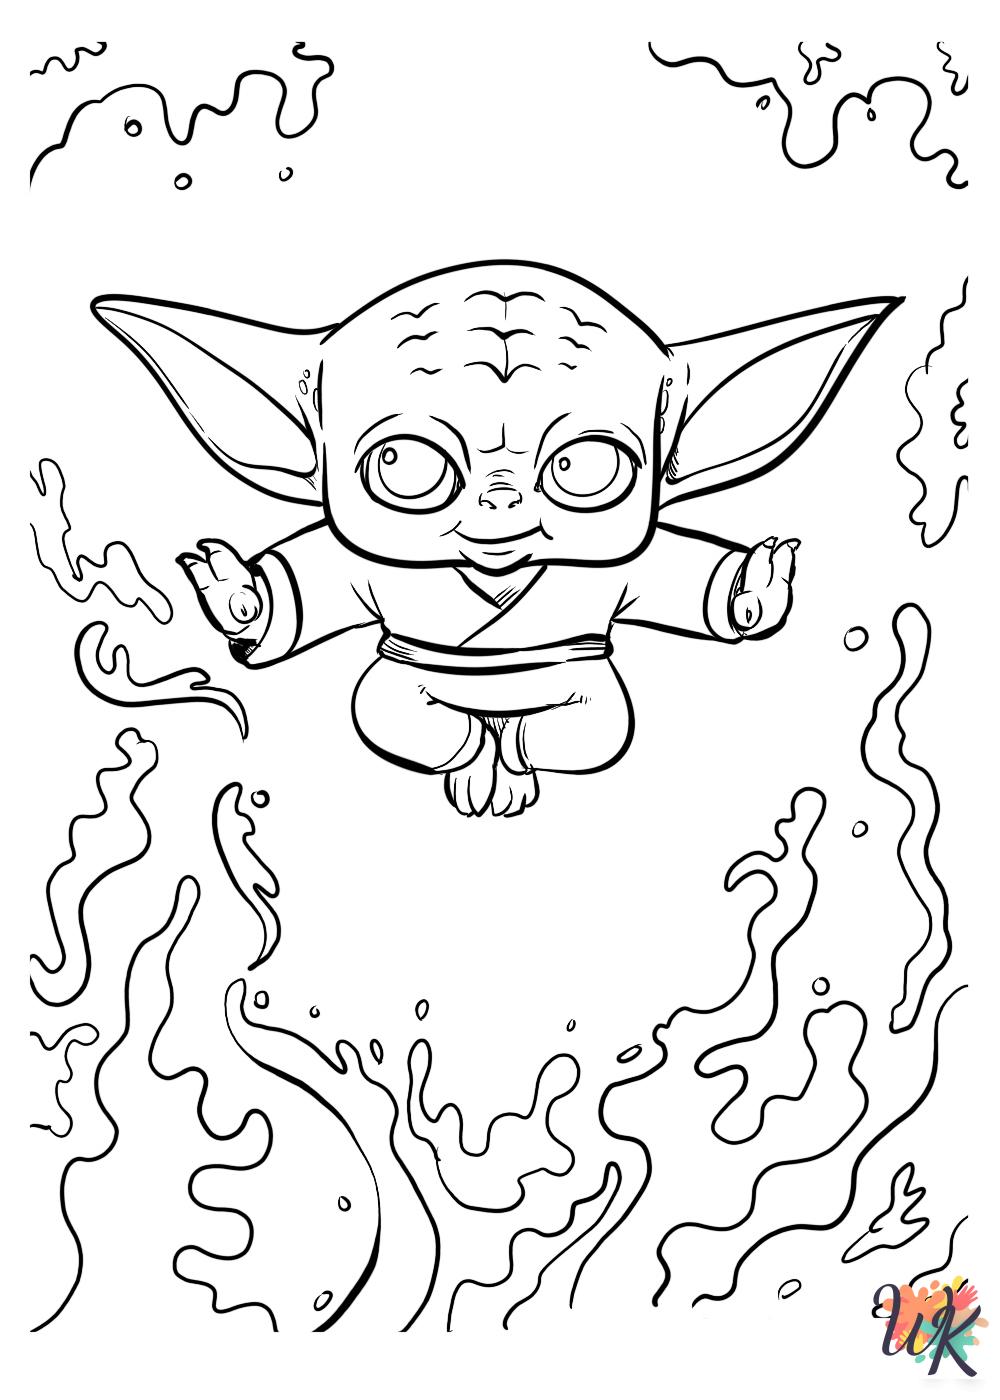 Baby Yoda coloring pages free printable
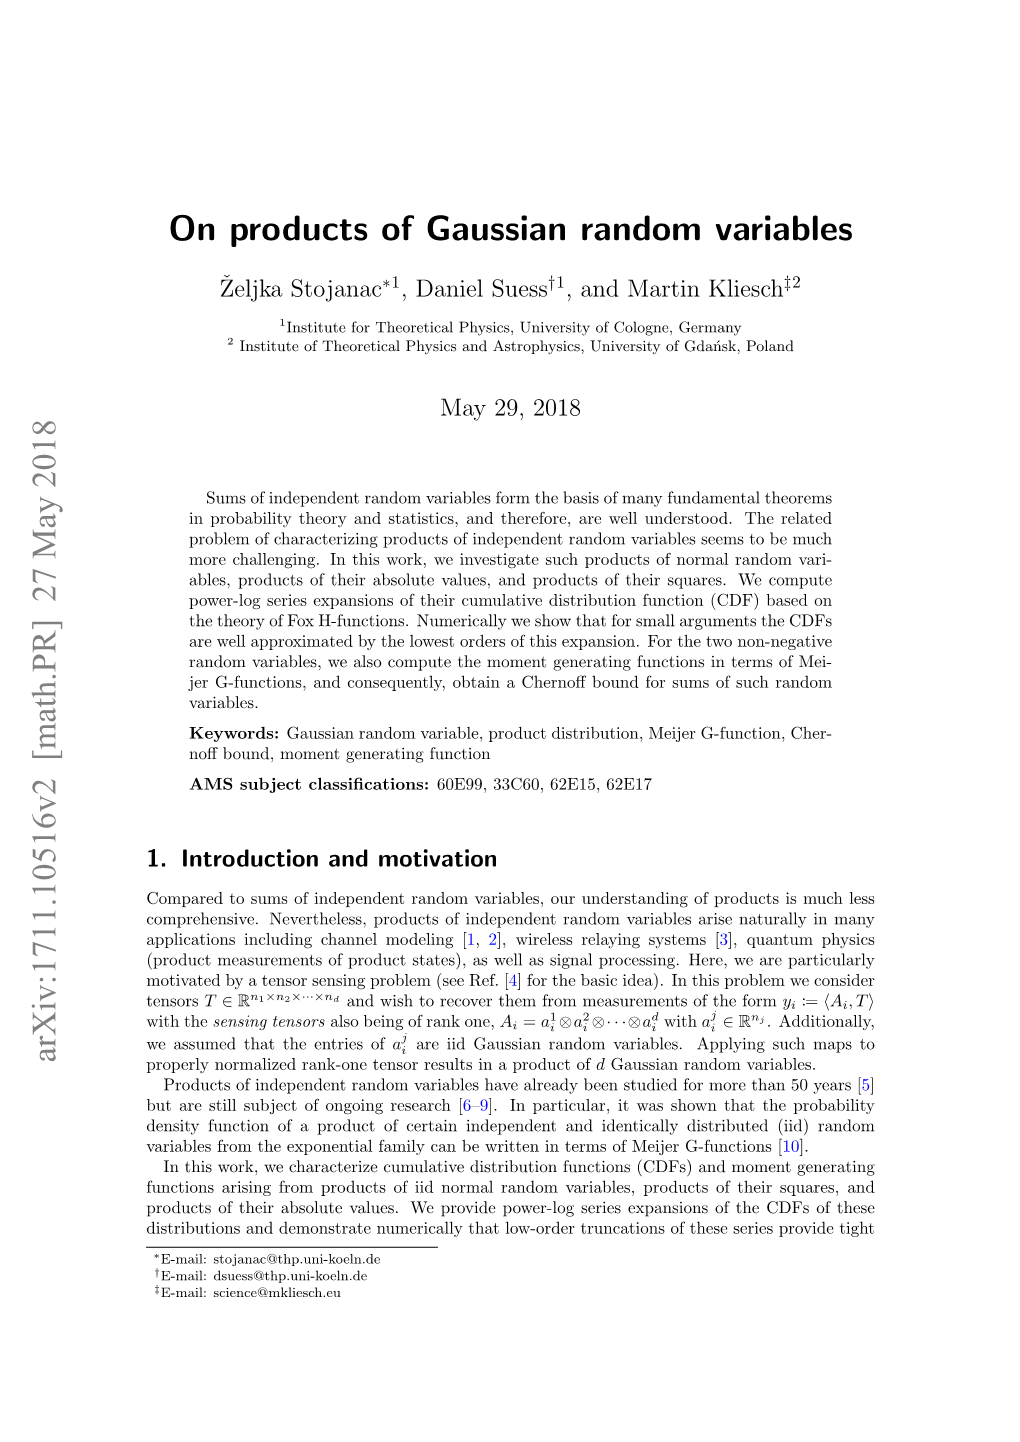 On Products of Gaussian Random Variables
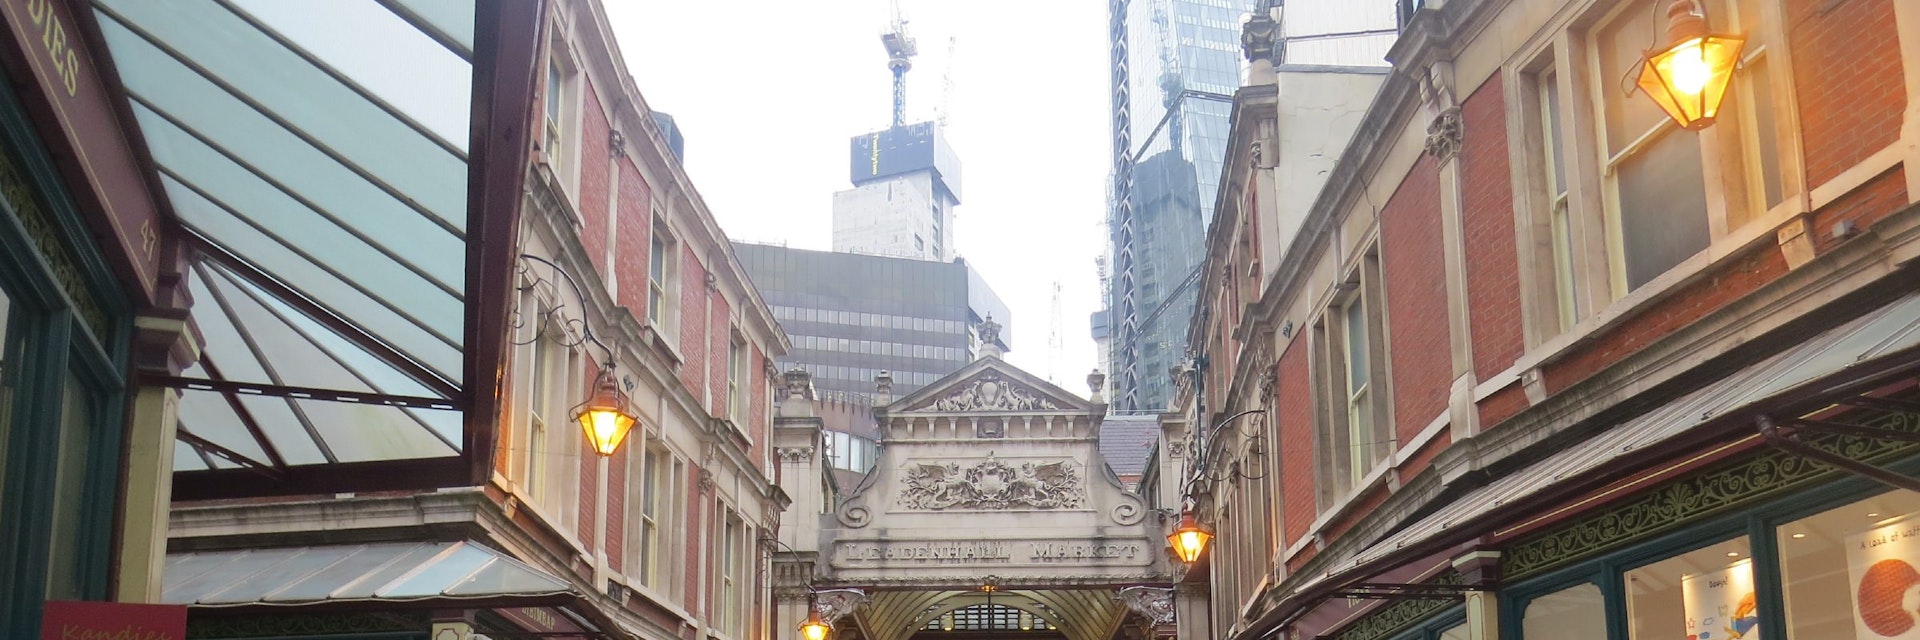 Inside Leadenhall Market in the heart of the City of London
++++++++++++++++++++
EXERCISE GOAL
A verbatim copy of the material, pictures excluded, is what must be produced.

RESULT
 Baby Yoda coloring pages free printable
 On Products of Gaussian Random Variables
 Inside Leadenhall Market in the heart of the City of London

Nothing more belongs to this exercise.